Extracted data entries
============================================================

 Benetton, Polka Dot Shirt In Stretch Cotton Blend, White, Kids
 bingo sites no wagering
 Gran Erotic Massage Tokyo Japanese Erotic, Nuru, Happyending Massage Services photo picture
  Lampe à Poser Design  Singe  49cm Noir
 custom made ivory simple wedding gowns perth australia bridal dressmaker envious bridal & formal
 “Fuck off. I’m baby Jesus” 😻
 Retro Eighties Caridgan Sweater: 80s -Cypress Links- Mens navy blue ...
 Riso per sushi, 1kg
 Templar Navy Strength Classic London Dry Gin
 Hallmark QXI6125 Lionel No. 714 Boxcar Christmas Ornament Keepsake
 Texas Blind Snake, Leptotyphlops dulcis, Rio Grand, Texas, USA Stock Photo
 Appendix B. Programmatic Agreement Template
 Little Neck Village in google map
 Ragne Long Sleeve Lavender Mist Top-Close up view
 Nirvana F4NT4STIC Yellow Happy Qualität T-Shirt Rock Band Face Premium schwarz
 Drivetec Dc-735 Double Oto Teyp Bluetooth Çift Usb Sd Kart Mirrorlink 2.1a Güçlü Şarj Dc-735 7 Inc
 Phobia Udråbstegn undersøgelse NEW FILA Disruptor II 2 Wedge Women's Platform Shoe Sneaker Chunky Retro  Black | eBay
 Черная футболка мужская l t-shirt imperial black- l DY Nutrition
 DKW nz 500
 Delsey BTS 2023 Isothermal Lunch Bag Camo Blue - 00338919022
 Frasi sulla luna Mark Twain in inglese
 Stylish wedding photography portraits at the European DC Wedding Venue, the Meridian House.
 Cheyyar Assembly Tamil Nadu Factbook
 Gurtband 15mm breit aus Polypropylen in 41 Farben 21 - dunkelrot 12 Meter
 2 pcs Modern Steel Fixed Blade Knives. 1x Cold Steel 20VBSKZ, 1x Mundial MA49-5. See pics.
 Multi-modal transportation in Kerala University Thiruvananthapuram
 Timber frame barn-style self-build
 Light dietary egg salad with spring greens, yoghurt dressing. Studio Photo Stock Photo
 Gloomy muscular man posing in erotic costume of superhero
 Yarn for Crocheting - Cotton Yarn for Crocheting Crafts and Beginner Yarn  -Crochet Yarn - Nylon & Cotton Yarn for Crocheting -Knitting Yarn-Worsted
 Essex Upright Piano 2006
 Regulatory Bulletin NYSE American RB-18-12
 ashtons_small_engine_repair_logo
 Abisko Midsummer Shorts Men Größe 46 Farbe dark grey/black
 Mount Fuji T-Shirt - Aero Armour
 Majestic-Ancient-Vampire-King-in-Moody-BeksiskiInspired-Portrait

============================================================

YOUR GOAL — Pull every line holding "wedding" out of the records.

ANSWER TO THE EXERCISE —
 custom made ivory simple wedding gowns perth australia bridal dressmaker envious bridal & formal
 Stylish wedding photography portraits at the European DC Wedding Venue, the Meridian House.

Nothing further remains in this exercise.